In fact, the system is semi-undetermined, since I don't provide positions and velocities at time 0.
I realize my equations themselves might be wrong for the two-body problem, but I'd still like to know why Mathematica complains about this.
How about NDSolve?
d2[t_] = (-x0[t] + x1[t])^2 + (-y0[t] + y1[t])^2 + (-z0[t] +
z1[t])^2; sol = {x0, y0, z0, x1, y1, z1} /.

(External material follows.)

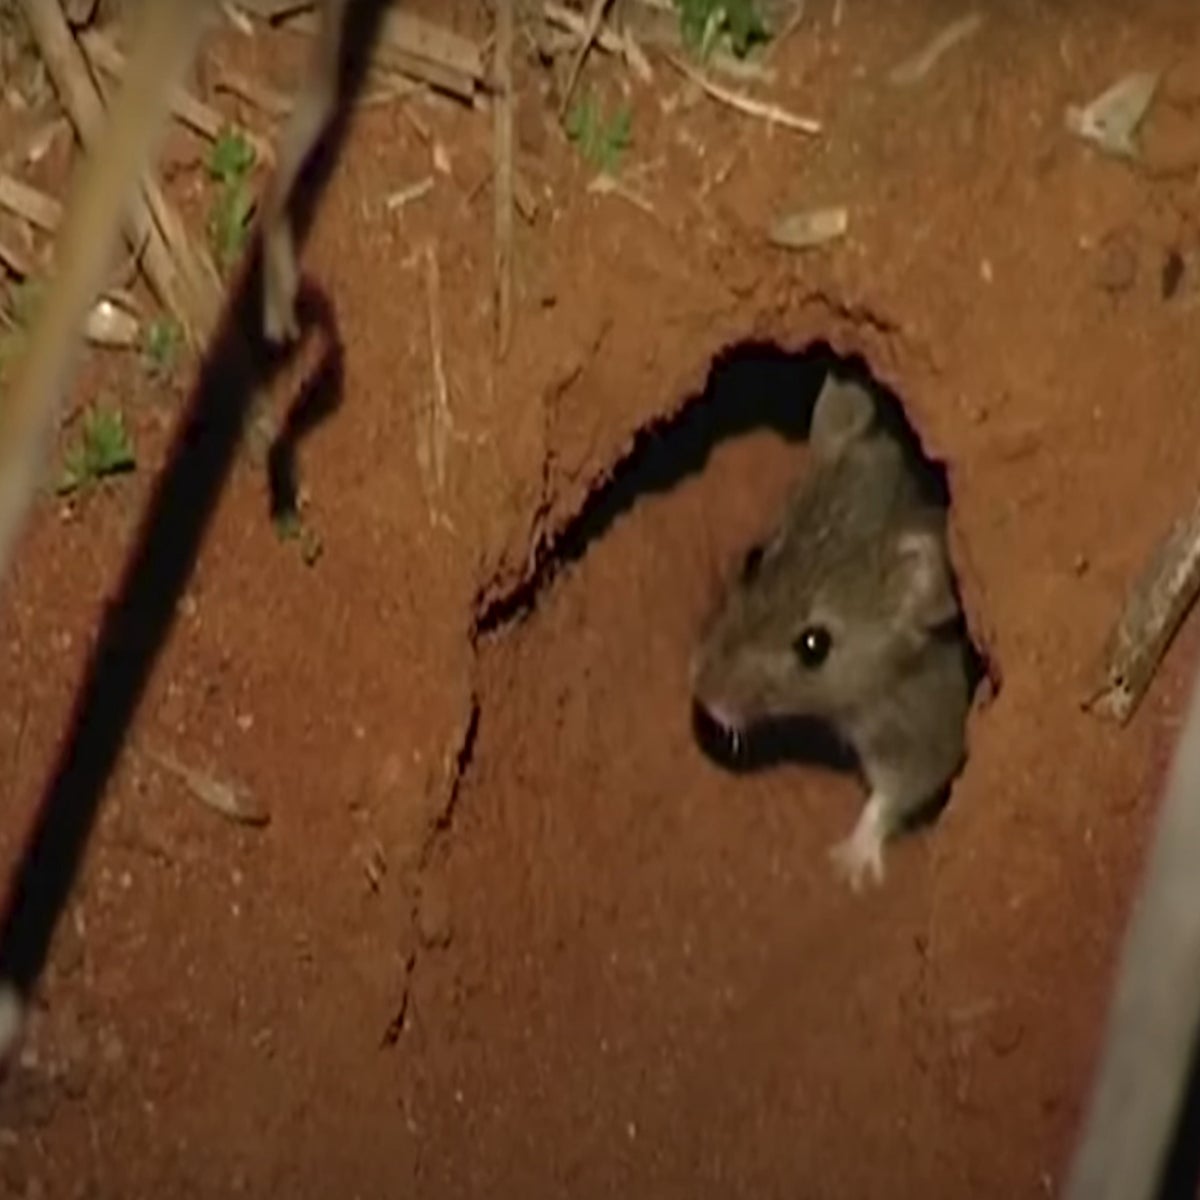 Infestation de rats de Karumba : au moins 1 000 rats morts s'échouent  chaque jour dans une ville australienne - Pacte pour le Climat

NDSolve[{x0''[t] == (-x0[t] + x1[t])/d2[t],
y0''[t] == (-y0[t] + y1[t])/d2[t],
z0''[t] == (-z0[t] + z1[t])/d2[t], x1''[t] == -x0''[t],
y1''[t] == -y0''[t], z1''[t] == -z0''[t], x0[0] == 0, y0[0] == 0,
z0[0] == 0, x1[0] == 1, y1[0] == 0, z1[0] == 0, x0'[0] == -0.5,
y0'[0] == 1, z0'[0] == 0.5, x1'[0] == 0.5, y1'[0] == -1,
z1'[0] == -0.5}, {x0, y0, z0, x1, y1, z1}, {t, 0, 120}][[1]]
r = 3;
Animate[
Graphics3D[
{
PointSize -> 0.05,
Point[{sol[[1]][t], sol[[2]][t], sol[[3]][t]}],
Point[{sol[[4]][t], sol[[5]][t], sol[[6]][t]}],
Red,
Line[Table[{sol[[1]][t1], sol[[2]][t1], sol[[3]][t1]}, {t1, 0, t, 0.1}]],
Green,
Line[Table[{sol[[4]][t1], sol[[5]][t1], sol[[6]][t1]}, {t1, 0, t, 0.1}]]
},
PlotRange -> {{-r, r}, {-r, r}, {-r, r}}
], {t, 0, 120}, AnimationRate -> 4
]
I'm suprised no one else noticed that everyone wrote the equations of motion incorrectly, which is apparent from the plot, because bounded orbits in the gravitational potential of two bodies are always closed (Bertrand's theorem). The correct equations of motion are
{x0''[t] == (-x0[t] + x1[t])/d2[t]^(3/2),
y0''[t] == (-y0[t] + y1[t])/d2[t]^(3/2),
x1''[t] == -x0''[t],
y1''[t] == -y0''[t]}
with
d2[t_]:= (x1[t]-x0[t])^2 + (y1[t]-y0[t])^2
since the motion is planar for central force fields. Also, one must set the initial conditions appropriately, otherwise the centre of mass moves and the orbits are no longer conical sections.